The Opal Nugget Ice Maker is an affordable nugget ice maker for your home. Outside of a few restaurant chains and gas station snack bars, however, nugget ice is hard to come by. Also, the nugget ice machines qualified for home use, they’re exorbitantly priced at about 2 to 3 thousand dollars a pop. GE’s FirstBuild microfactory plans to disrupt the nugget ice market with its fresh appliance, the $499 Opal Nugget Ice.

Opal nugget ice is made by scraping the ice flakes off the inside of a chilled aluminum cylinder. The flakes are extruded through a round hole, compacting them into frozen nuggets of air and ice. Nugget ice is about 50% air by volume, and those tiny pinholes of air between the ice flakes are the secret to soft, chewable, flavorful ice. Simply add water to the filling reservoir under the bucket. 6 cups of water is enough to make 3 pounds of ice. The reservoir has a max fill line that indicates the amount of water to be added to the icemaker.

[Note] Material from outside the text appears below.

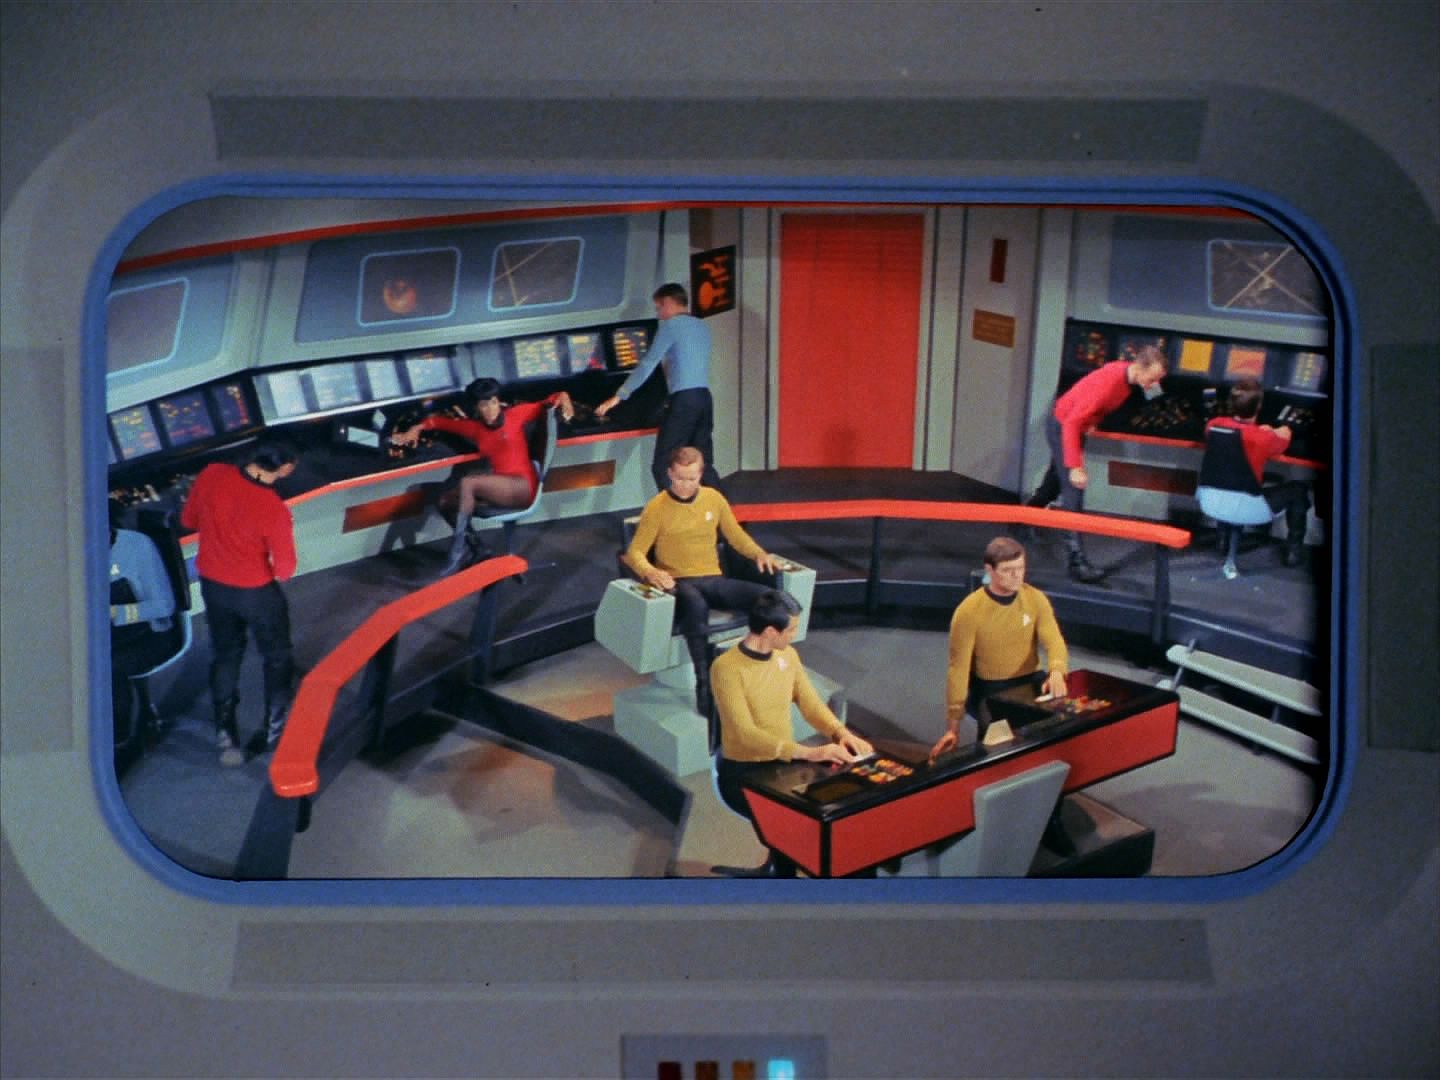 Před soudem svědčili Spock, McCoy a personální důstojník. Všemožně kapitána podpořili, ale záznam počítače nedokázali vyvrátit. Videozáznam z akce je pak zdrcující.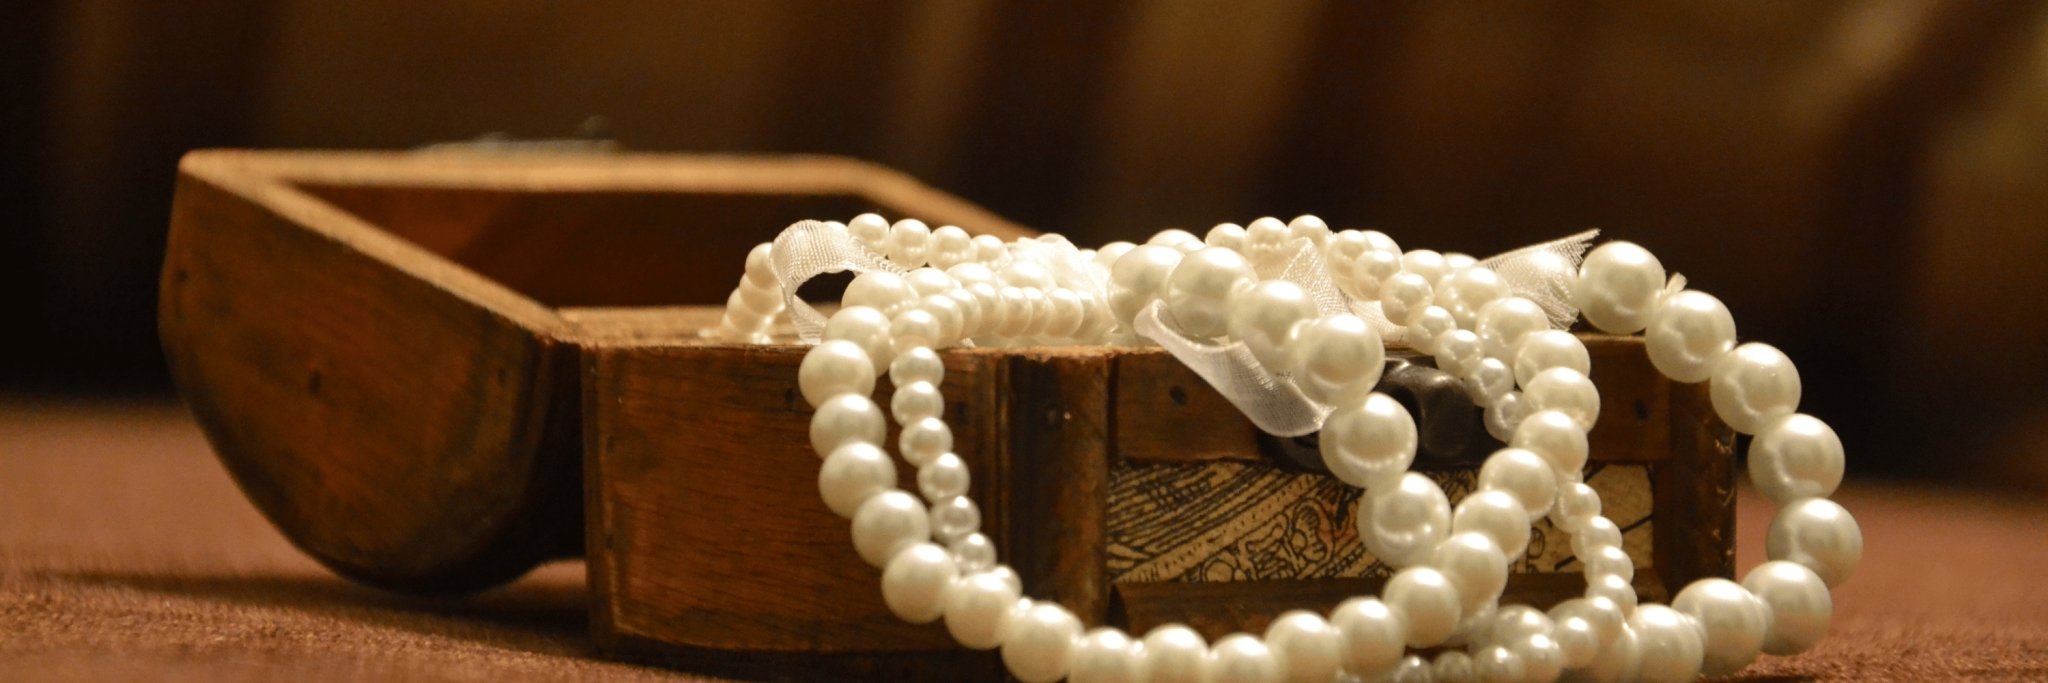 Boîte en bois avec bijoux de perles

Designed to produce sought-after nugget ice at home and with speed, the more affordable Opal Nugget Ice Maker is also compact and made to fit easily on to cramped kitchen counters. The Opal will boast a bevy of high-tech sensors too for automatic operation plus feature multi purpose controls and a colorful LED status light. Occupying the center of the appliance is a large, transparent ice bucket. Deeply recessed into the machine, it almost sits flush with the Opal’s front face. This helps the clear container act as a window to ice production and provides a fast way to check how much ice you have on hand.

Just because it’s small doesn’t mean the Opal Nugget Ice Maker isn’t built to perform. The Opal Nugget Ice maker can create 1 pound of nugget ice per hour. Given this speed you’ll be able to hit the Opal’s maximum ice capacity of 3 pounds in 3 hours. By comparison your average kitchen refrigerator’s ice maker needs a full day to make the same amount of ice. Hidden underneath the ice bucket is the Opal’s 6-cup reservoir, which should supply enough water for 3 pounds worth of nugget ice.

Above the bucket is the Opal Nugget Ice’s only control, a circular thumb-size button. Ringed by an LED that changes color to match which mode the machine is in, the button will command the Opal to perform various duties and also indicate the device’s status. These include modes for standby, error, and of course ice making. At the time of my Opal Nugget Ice demo, though, FirstBuild engineers said they were still hammering out details for the control’s operation.

Opal Nugget Ice Maker is smart enough to know when to start and stop making ice. It’s equipped with a sensor that will identify the fill level of the bucket to turn the ice maker on and off. Just like in any cooler, ice will slowly melt within the air-insulated bucket. Opal will automatically turn on to make sure that the bucket is refilling with ice.